The Daily Sun article does not mention citizen support or perspectives. This effort comes from a dedicated City staff but lacks citizen participation and engagement. European cities that have achieved transportation systems that prioritize people over cars have had vocal, knowledgeable, engaged citizens demanding different outcomes. That element remains essential and, unfortunately, too few people in this country take part in our transportation planning. This has to do with the dominant car culture we all find ourselves in, the well-funded and connected car-friendly interests that have unequal power in our weakened democracy, distracted and disengaged people, and the inability for individuals and communities to envision something different. This last point remains particularly important. When a conversation about how to address our transportation system comes up, people, even City staff, often start the conversation with the assumption that any solution starts with cars: different kinds (electric) or in a different system (more roads and bridges to accommodate more cars). Starting with these and related premises dooms us to a community dominated by cars, where pedestrians and cyclists remain marginalized, despite rhetoric to the contrary.
The only intervention that can actually lead to fundamental changes in transportation, and other social change, has to do with citizens making their voices heard. Not merely writing to the newspaper or speaking before City Council. No, what we need requires much more: binding together, collectively, to demand fundamental changes. The nuts and bolts embedded in this, as you might imagine, take many forms but cannot come about without a connected, concerted effort, binding people together to work towards a shared goal. It might sound simple but has remained elusive. Only you can change that.

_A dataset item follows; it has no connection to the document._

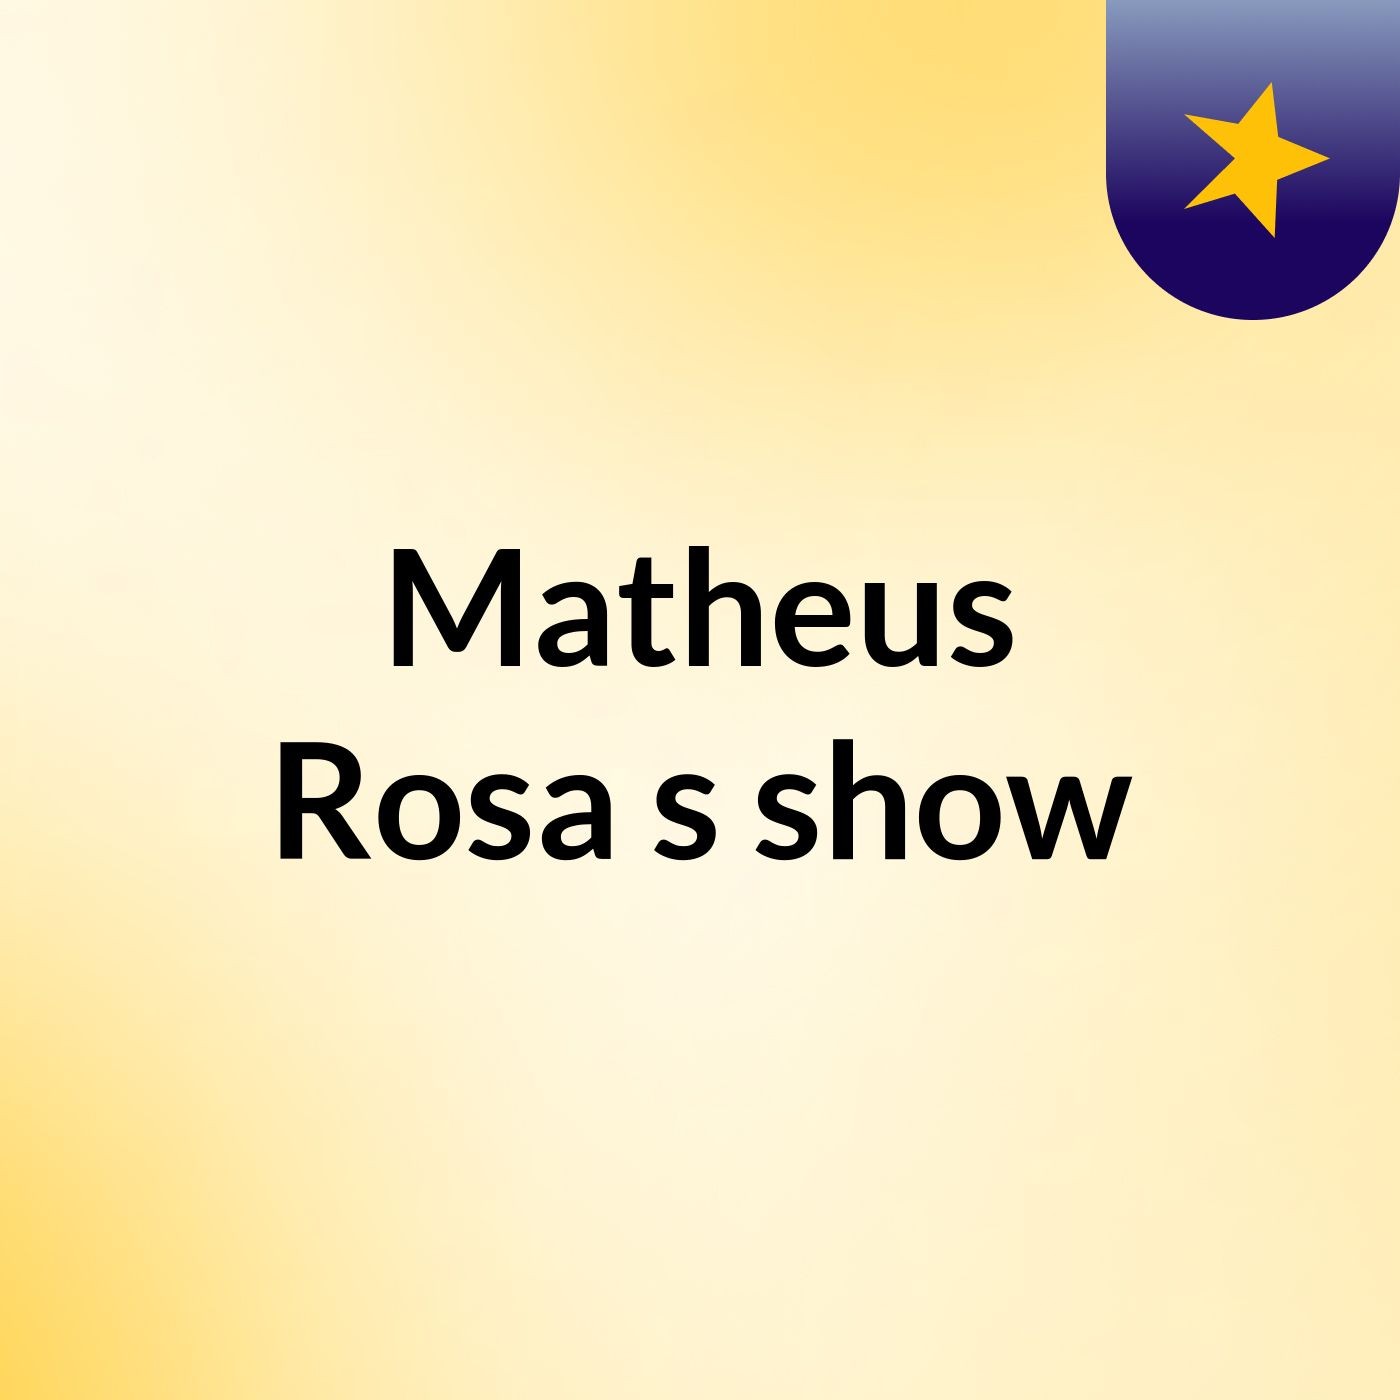 Matheus Rosa's show

After reading the article in the Daily Sun I went down the street to catch the local streetcar in Vienna. I took it downtown, a short ride that dropped me off in the city center, connected to buses, underground metro, light rail, and an easy ride to two main train stations with timely departures to reach any country in Europe. Vienna regularly tops the list for the world’s most livable city, a ranking earned in large part due to their public transportation system. Once again, the evidence suggests that people demanding a livable city with effective, affordable transportation has played a large part in this outcome. As I looked into the current situation in Vienna, a major controversy presented itself. City planners and business interests have proposed and started moving forward with a major highway through the city. How have people responded? Many have camped and protested at the site for months, waging a campaign to prevent a roadway that would profoundly affect the city and its people. Have you seen such a response to a proposed roadway in this country? Me either. We cannot have a transportation system that prioritizes people over cars until we do.